Language model filters

CrossEntropyFilter

Filter segments by n-gram language model probabilities.

Parameters:

lm_params: a list of dictionaries for the parameters of the language models; see below
score_type: select whether to calculate cross-entropy (entropy; default), perplixty (perplexity) or negative log-probability (logprob) scores
thresholds: upper thresholds for scores when filtering (optional; default is 50.0 for all languages)
low_thresholds: lower thresholds for scores when filtering (optional; default is no threshold)
diff_threshold: upper threshold for absolute difference of source and target language scores when filtering (optional; default 10.0)
score_for_empty: set score values manually for empty input pairs (default null)

Language model parameters for lm_params:

filename: filename for the language model to use
arpa: LM is in ARPA format instead of binary LM (optional; default true)
unk: unknown token symbol (optional; default <UNK>, case sensitive)
include_unks: include unknown tokens in perplexity calculations (optional; default false)
ccs: list of context cues ignored in perplexity calculations (optional; default null)
segmentation: subword segmentation options (optional; default {})
mb: morph boundary marking (optional; default "")
wb: word boundary tag (optional; default "<w>")
init_hist: ignore n first tokens after the end-of-sentence tag </s> in perplexity calculations (optional; default 2)
interpolate: list of language models (in ARPA format) and interpolation weights (optional; default null)

See train_ngram for training the models. Note that the format, perplexity calculation, segmentation, and boundary marking options should match the parameters used in model training; do not change them unless you know what you are doing.

Separate scores (entropy, perplexity, or negative log-probability) are returned for the source and target segment. In filtering, the segment pair is accepted if all values are below the respective thresholds, and their absolute differences are below the difference threshold.

CrossEntropyDifferenceFilter

Filter segments by using cross-entropy difference method by Moore and Lewis [2010].

Parameters:

id_lm_params: a list of dictionaries for the parameters of the in-domain language models
nd_lm_params: a list of dictionaries for the parameters of the non-domain language models
thresholds: upper thresholds for scores when filtering (optional; default is 0.0 for all languages)
score_for_empty: set score values manually for empty input pairs (default null)
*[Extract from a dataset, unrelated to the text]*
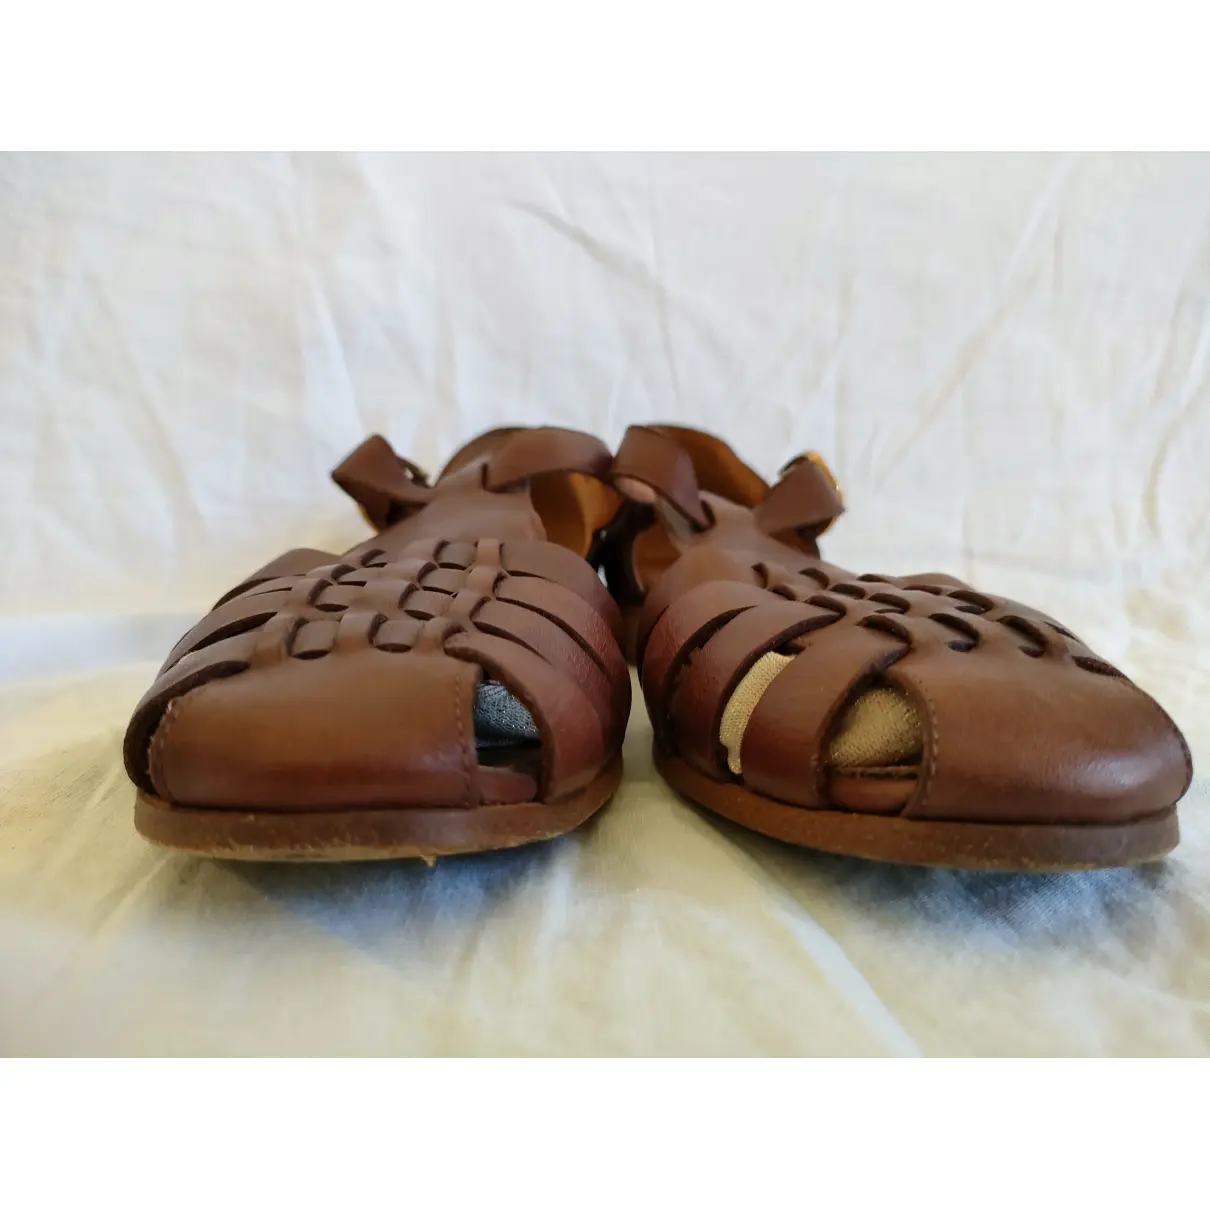 Buy Church's Leather sandals online - Vintage

For contents of the id_lm_params and nd_lm_params, see CrossEntropyFilter.

See train_ngram for training the models. Note that the format, perplexity calculation, and boundary marking options should match the parameters used in model training; do not change them unless you know what you are doing.
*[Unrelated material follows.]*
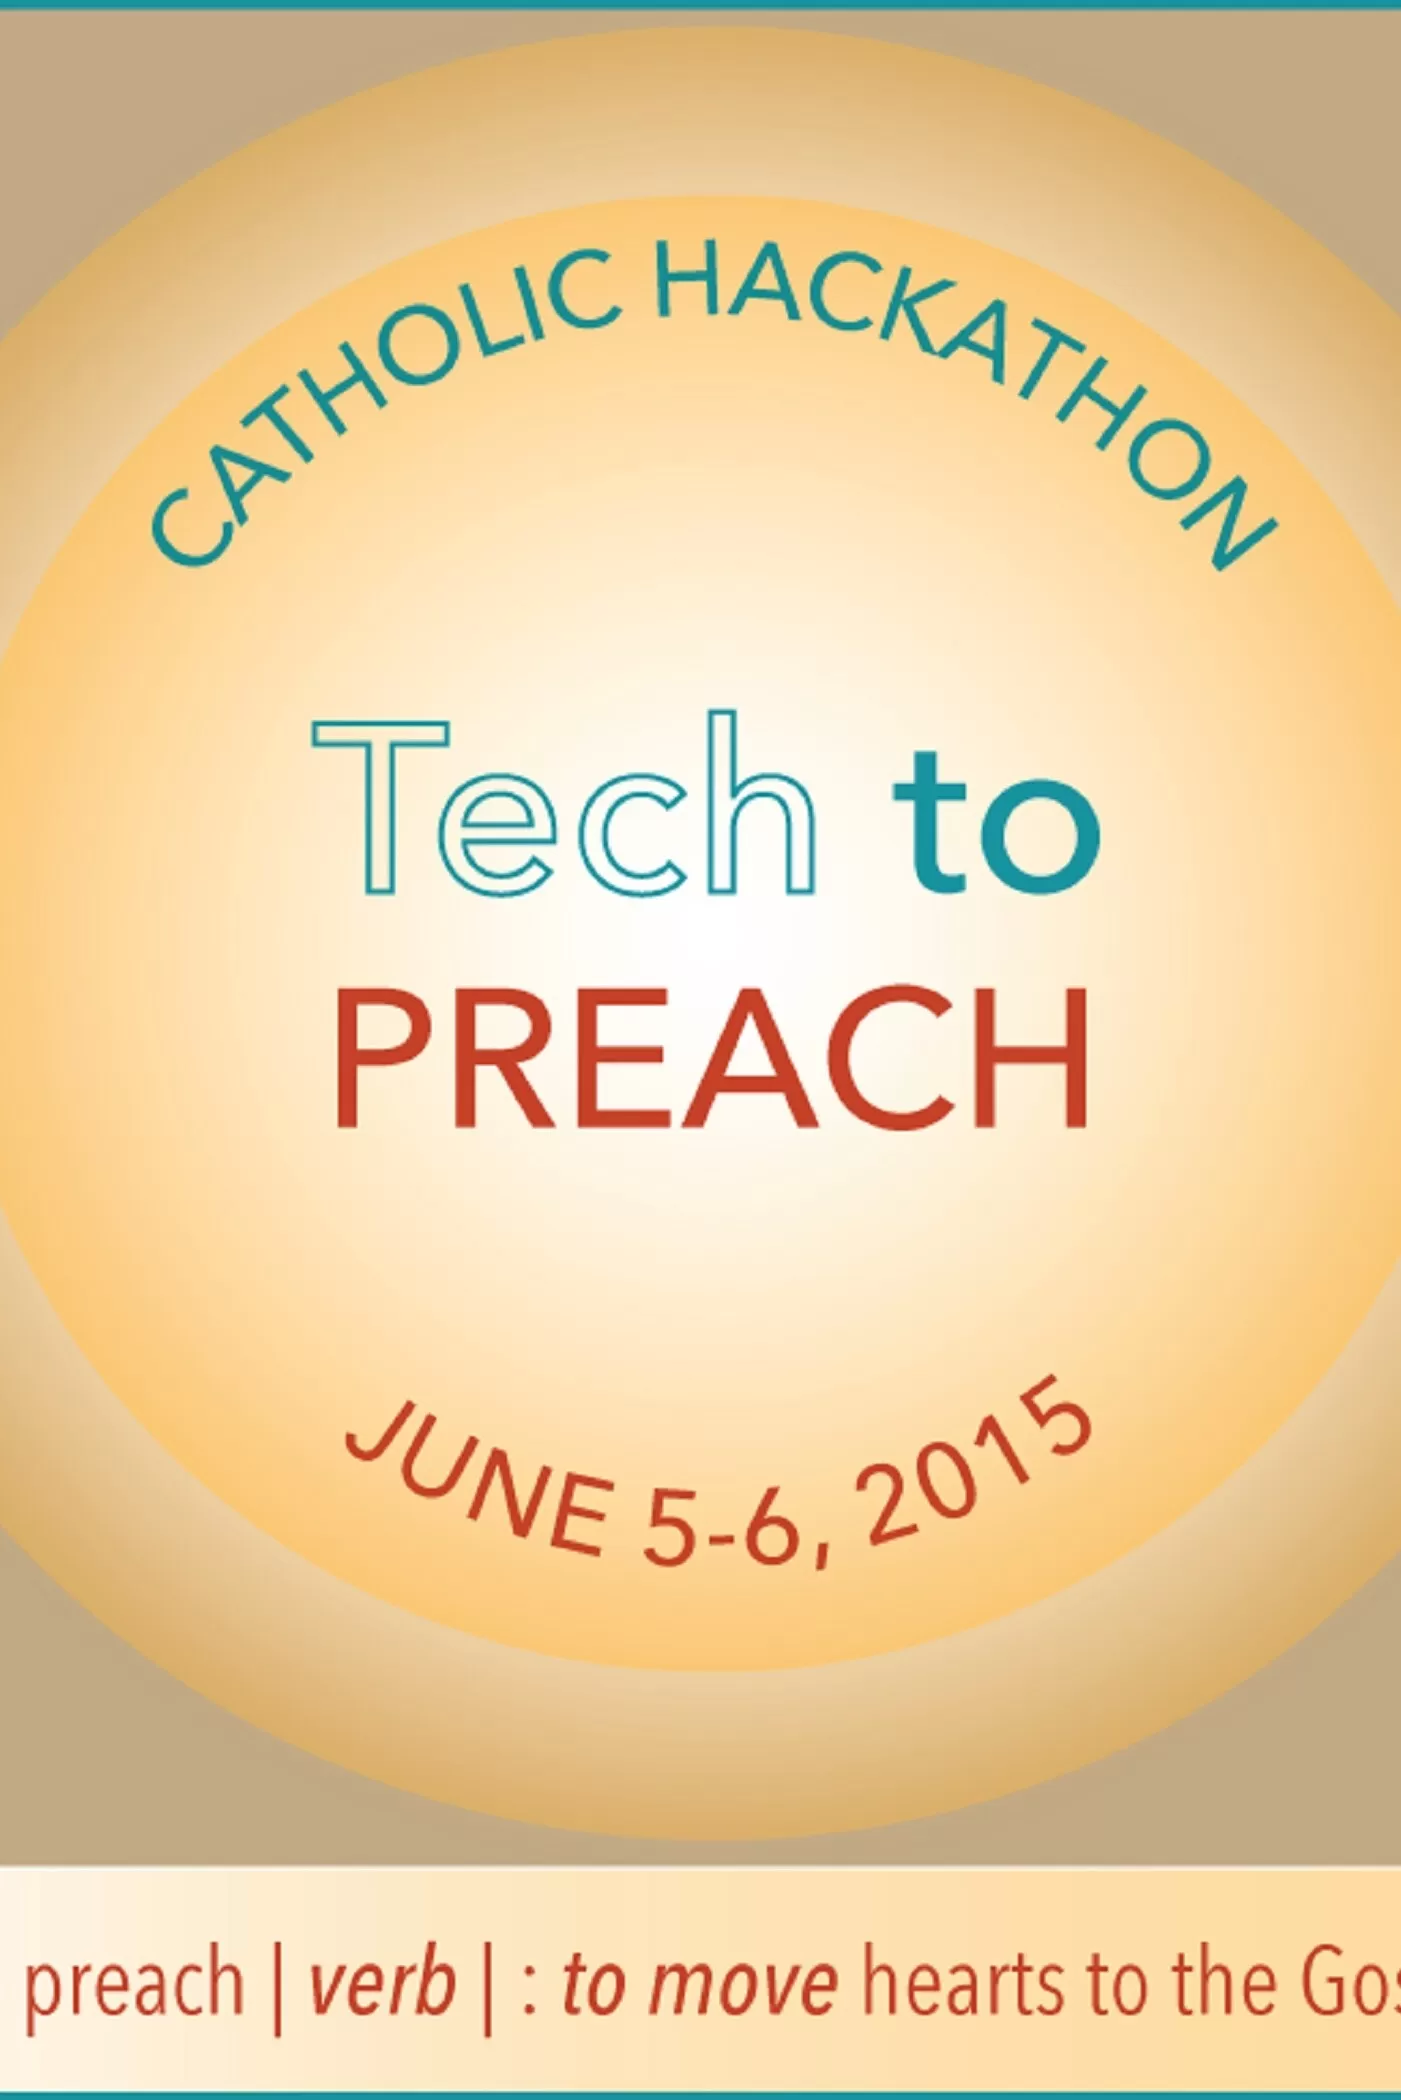 Tech to Preach - Catholic Hackathon

The filter returns difference between the in-domain LM and non-domain LM cross-entropy.

LMClassifierFilter

Filter segments by using classification probability from a naive Bayes classifier using a set class-specific language models.

Parameters:

labels: expected class labels for the segments
lm_params: a dictionary that maps labels to language model parameter dictionaries
thresholds: minimum thresholds for probability of the expected label when filtering (optional; default is 0.5)
relative_score: normalize probabilities by the largest probability (optional; default false)

Each of the labels should have a corresponding language model in lm_params. The likelihood of the segment is calculated for all the language models. If relative_score is false, the likelihoods are normalized to probabilities that sum up to one over the labels, and the probability of the expected label is returned as a score. If relative_score is true, the probability values are first divided by the largest probability (i.e. one of the labels will always get one as the score).

For contents of the language model parameters in lm_params, see CrossEntropyFilter.

See train_ngram for training the models. Note that the format, perplexity calculation, and boundary marking options should match the parameters used in model training; do not change them unless you know what you are doing.

A possible use case for this filter is creating a custom language identifier similar to Vatanen et al. (2010): Train a character-based n-gram model for each of the languages from clean corpora, and use the language codes as labels. Vatanen et al. (2010) recommend using absolute discounting and maximum n-gram length 4 or 5 for the models. Note that unknown tokens are ignored in the language model likelihoods, so it is a good idea to train a small (e.g. unigram) background model that includes data from all languages, and interpolate the language-specific models with it using a small interpolation coefficient. An example configuration is found at example_configs/qed_lm_langid.yaml.